In the CUDA programming model a thread is the lowest level of abstraction for doing a computation or a memory operation. Starting with devices based on the NVIDIA Ampere GPU Architecture, the CUDA programming model provides acceleration to memory operations via the asynchronous programming model. The asynchronous programming model defines the behavior of asynchronous operations with respect to CUDA threads. The asynchronous programming model defines the behavior of Asynchronous Barrier for synchronization between CUDA threads. The model also explains and defines how cuda::memcpy_async can be used to move data asynchronously from global memory while computing in the GPU.

An asynchronous operation is defined as an operation that is initiated by a CUDA thread and is executed asynchronously as-if by another thread. In a well formed program one or more CUDA threads synchronize with the asynchronous operation. The CUDA thread that initiated the asynchronous operation is not required to be among the synchronizing threads.

发起异步操作的CUDA线程无需参与该操作的同步等待过程，其他线程可以代替它完成同步

Such an asynchronous thread (an as-if thread) is always associated with the CUDA thread that initiated the asynchronous operation. An asynchronous operation uses a synchronization object to synchronize the completion of the operation. Such a synchronization object can be explicitly managed by a user (e.g., cuda::memcpy_async) or implicitly managed within a library (e.g., cooperative_groups::memcpy_async).

A synchronization object could be a cuda::barrier or a cuda::pipeline. These objects are explained in detail in Asynchronous Barrier and Asynchronous Data Copies using cuda::pipeline.

These synchronization objects can be used at different thread scopes. A scope defines the set of threads that may use the synchronization object to synchronize with the asynchronous operation. The following table defines the thread scopes available in CUDA C++ and the threads that can be synchronized with each.

Thread Scope	Description
cuda::thread_scope::thread_scope_thread	Only the CUDA thread which initiated asynchronous operations synchronizes.
cuda::thread_scope::thread_scope_block	All or any CUDA threads within the same thread block as the initiating thread synchronizes.
cuda::thread_scope::thread_scope_device	All or any CUDA threads in the same GPU device as the initiating thread synchronizes.
cuda::thread_scope::thread_scope_system	All or any CUDA or CPU threads in the same system as the initiating thread synchronizes.
These thread scopes are implemented as extensions to standard C++ in the CUDA Standard C++ library.

Programming Interface

CUDA C++ provides a simple path for users familiar with the C++ programming language to easily write programs for execution by the device. It consists of a minimal set of extensions to the C++ language and a runtime library.

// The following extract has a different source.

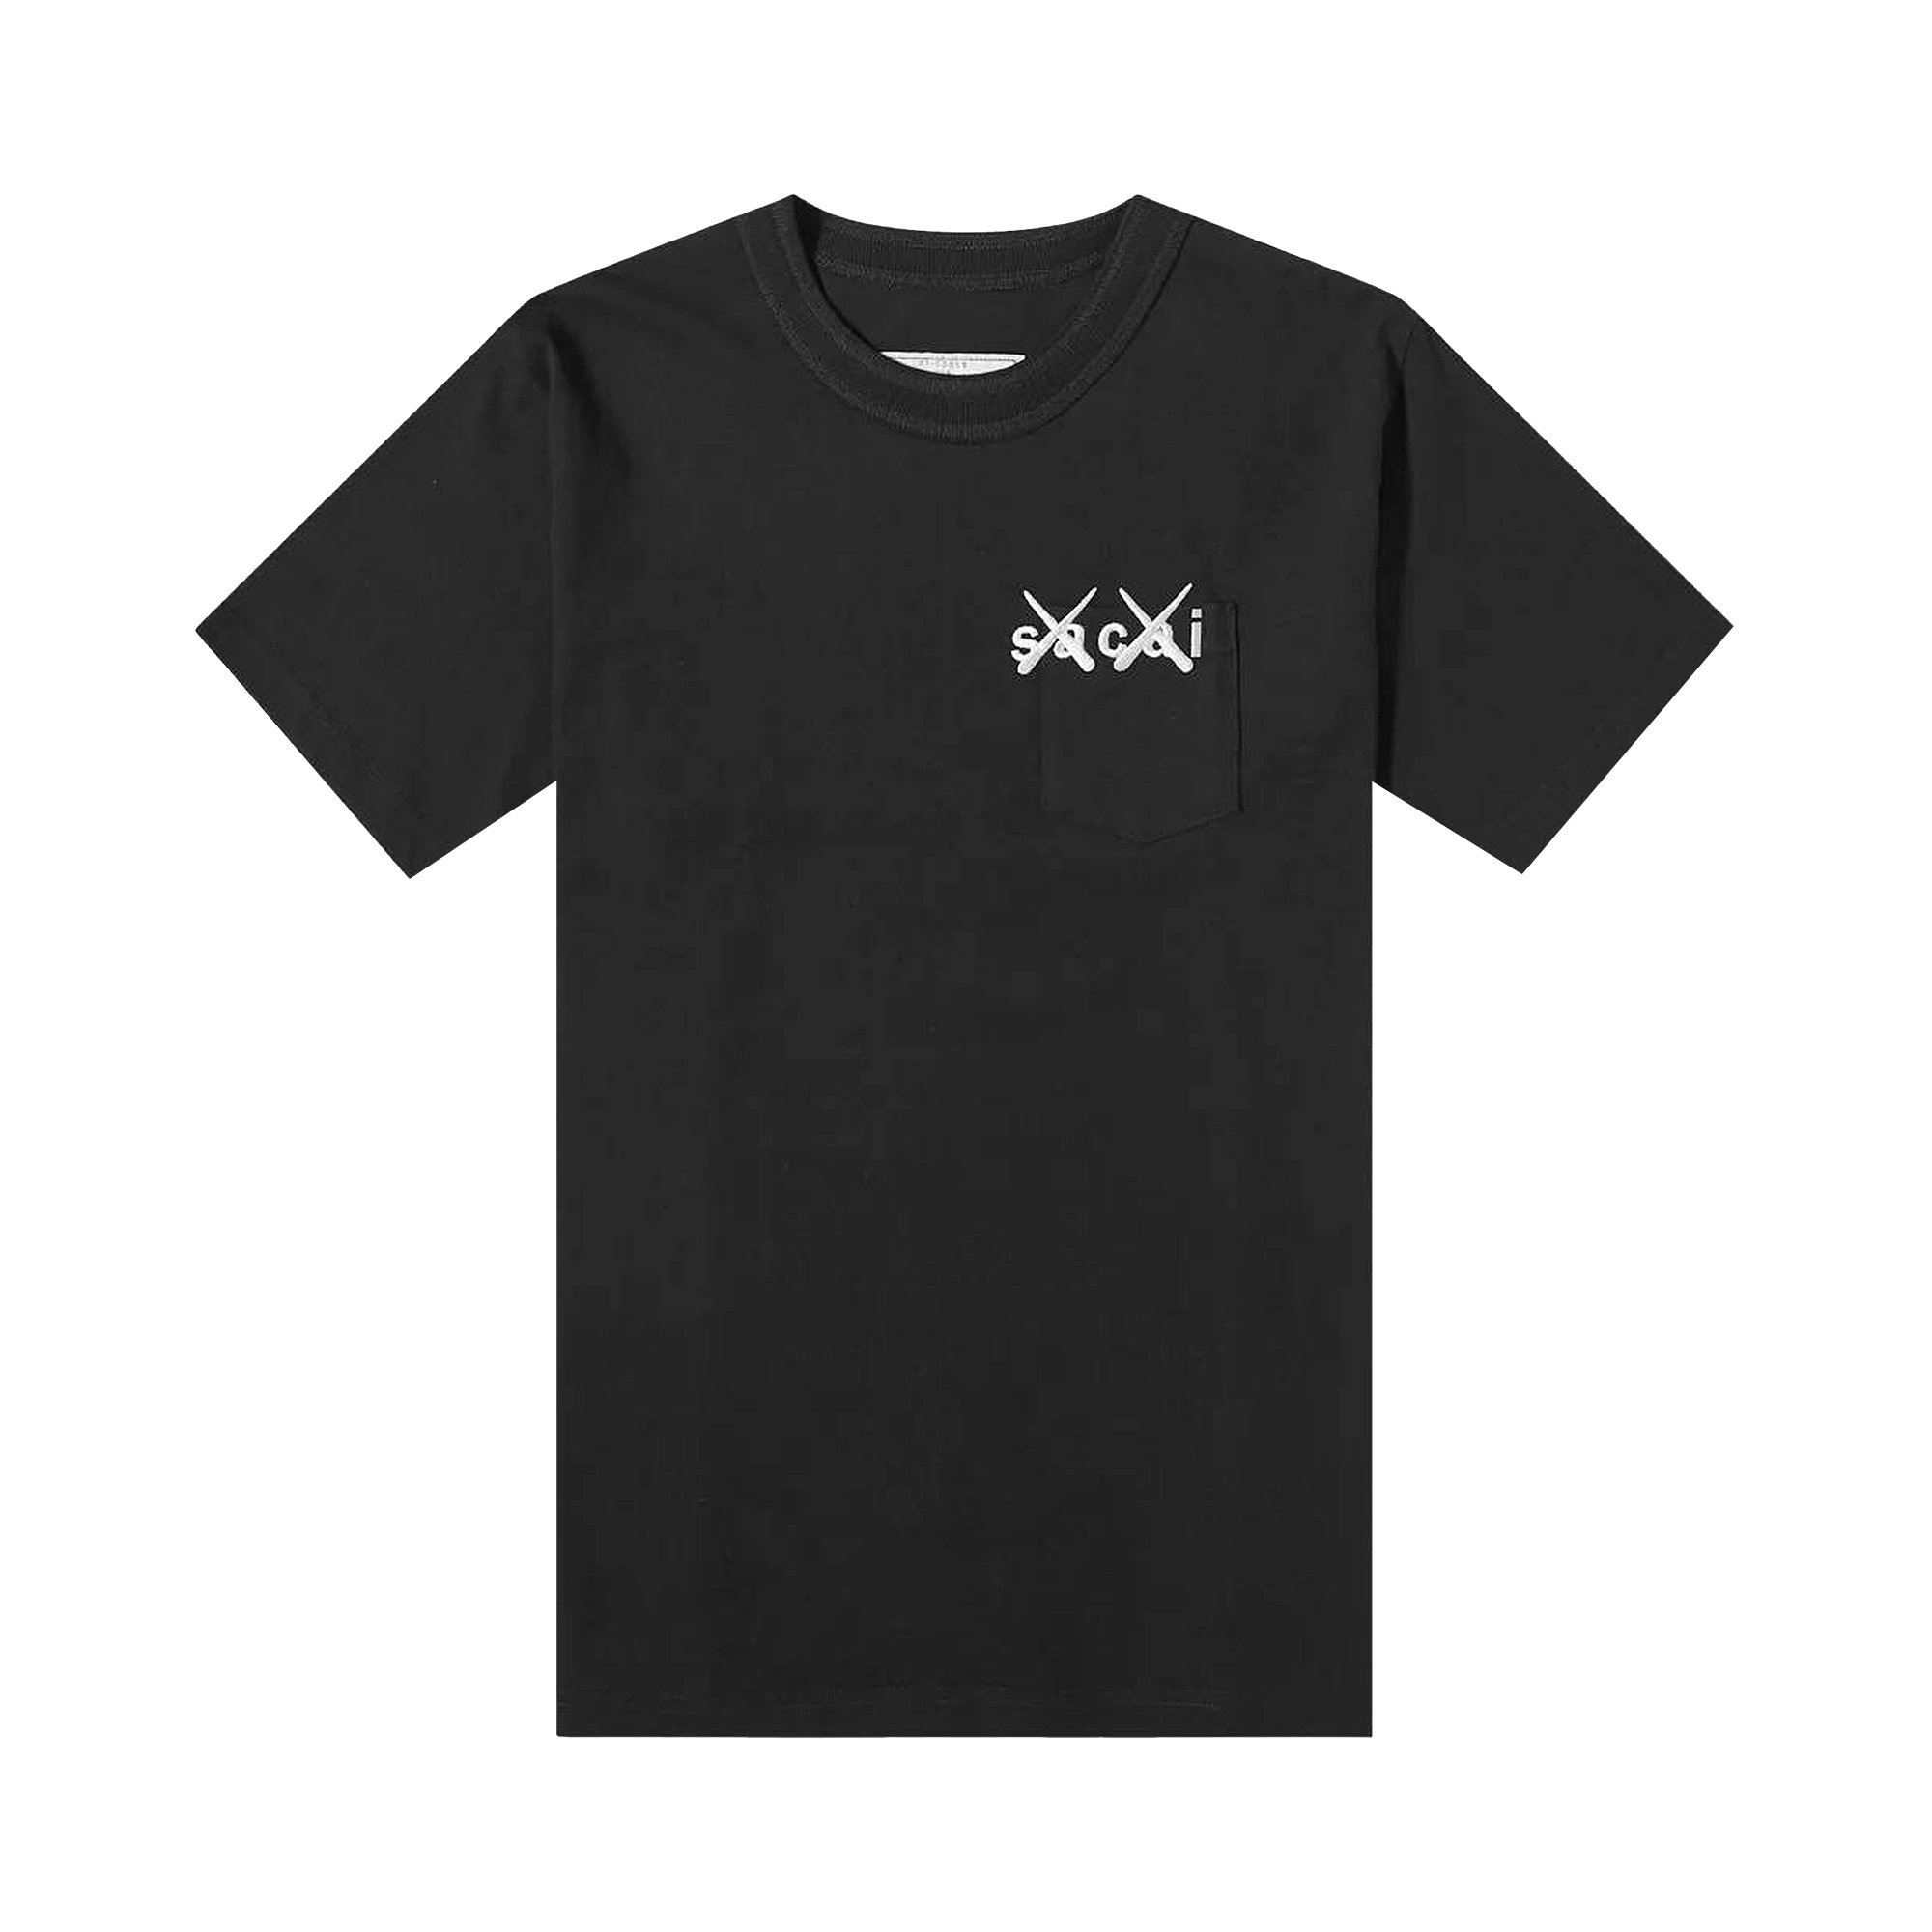 新品sacai×KAWS T-Shirt(BLACK×PURPLE)size5

Any source file that contains some of these extensions must be compiled with nvcc.

The runtime provides C and C++ functions that execute on the host to allocate and deallocate device memory, transfer data between host memory and device memory, manage systems with multiple devices, etc.

The runtime is built on top of a lower-level C API, the CUDA driver API, which is also accessible by the application. The driver API provides an additional level of control by exposing lower-level concepts such as CUDA contexts - the analogue of host processes for the device - and CUDA modules - the analogue of dynamically loaded libraries for the device. Most applications do not use the driver API as they do not need this additional level of control and when using the runtime, context and module management are implicit, resulting in more concise code. As the runtime is interoperable with the driver API, most applications that need some driver API features can default to use the runtime API and only use the driver API where needed.

NVCC

Kernels can be written using the CUDA instruction set architecture, called PTX, which is described in the PTX reference manual. It is however usually more effective to use a high-level programming language such as C++. In both cases, kernels must be compiled into binary code by nvcc to execute on the device. nvcc is a compiler driver that simplifies the process of compiling C++ or PTX code: It provides simple and familiar command line options and executes them by invoking the collection of tools that implement the different compilation stages.

Only a subset of C++ is fully supported for the device code.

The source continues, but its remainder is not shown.